Maybe you need to update the model file on the https://dataverse.harvard.edu/api/access/datafile/

Maybe the configure files corresponding to pretrained_dir = download_pretrained_model('models_configs') also need a update.

chemlove avatar Jul 10 '21 06:07 chemlove

Sounds good, do you want to contribute and train a new model for it?

kexinhuang12345 avatar Jul 13 '21 14:07 kexinhuang12345

I'd like to have a try. Could you please give me the dataset of BindDB Kd? And what preproccess or data cleaning is needed before I start the train? Subsequent help may be needed since I am a complete newbie for ML :)

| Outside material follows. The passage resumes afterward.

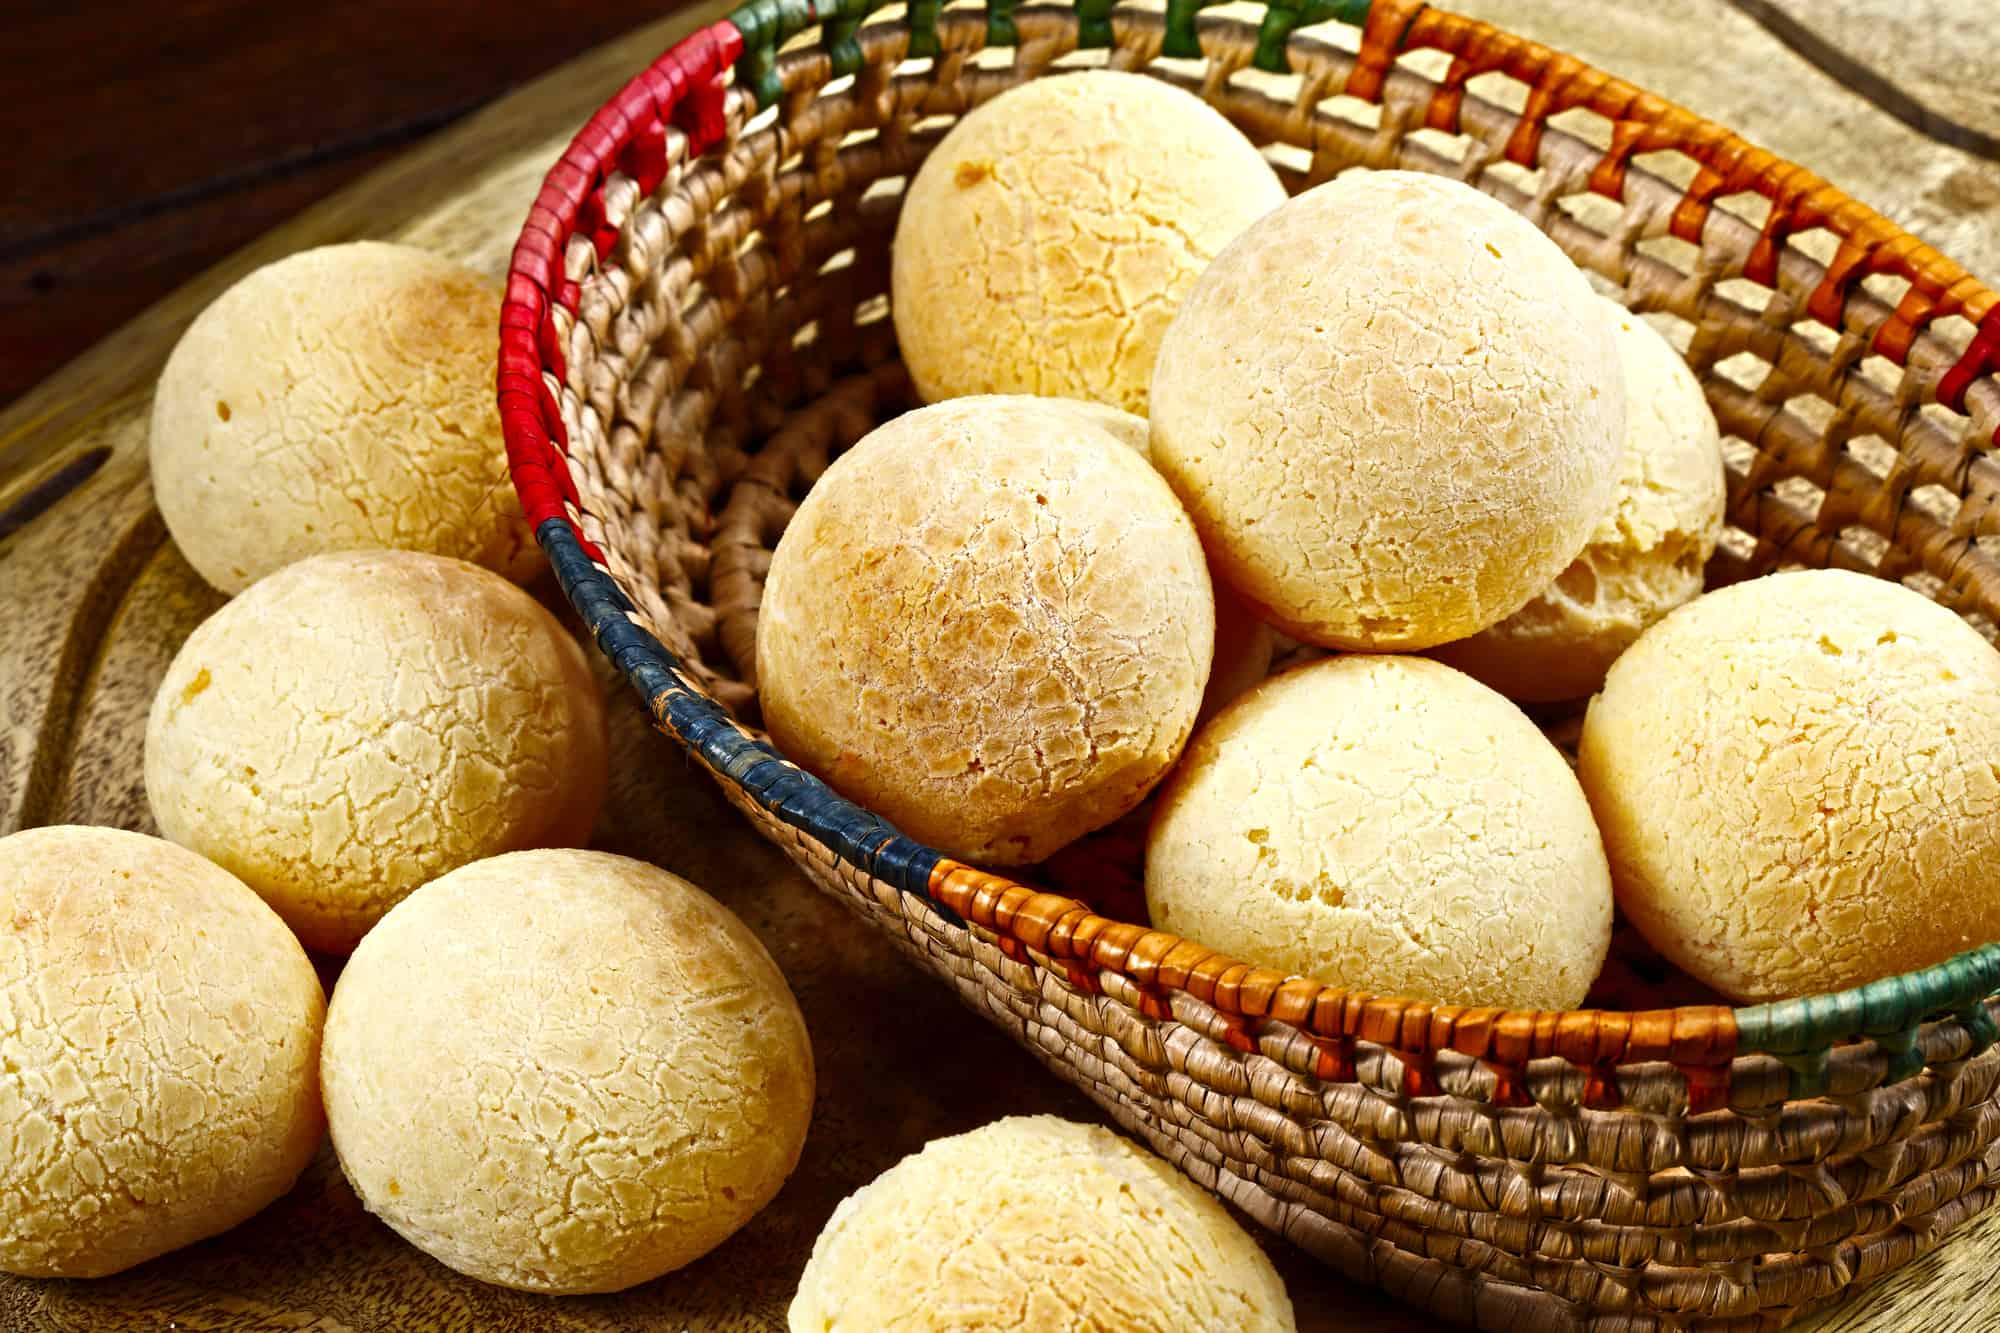 Brazilian cheese bread in a wicker basket

chemlove avatar Jul 14 '21 03:07 chemlove

Sounds good, it should be the one in the https://github.com/kexinhuang12345/DeepPurpose/blob/master/DEMO/Transformer%2BCNN_BindingDB.ipynb

simply replacing the model and parameter should be good

kexinhuang12345 avatar Jul 27 '21 02:07 kexinhuang12345

Thank you for your fruitful discussion and big thank-you to the developers of this library. My question is: In the latest release od DeepPurpose, was the MPNN_CNN model corrected and it works fine now?

Jameel9 avatar Sep 09 '22 04:09 Jameel9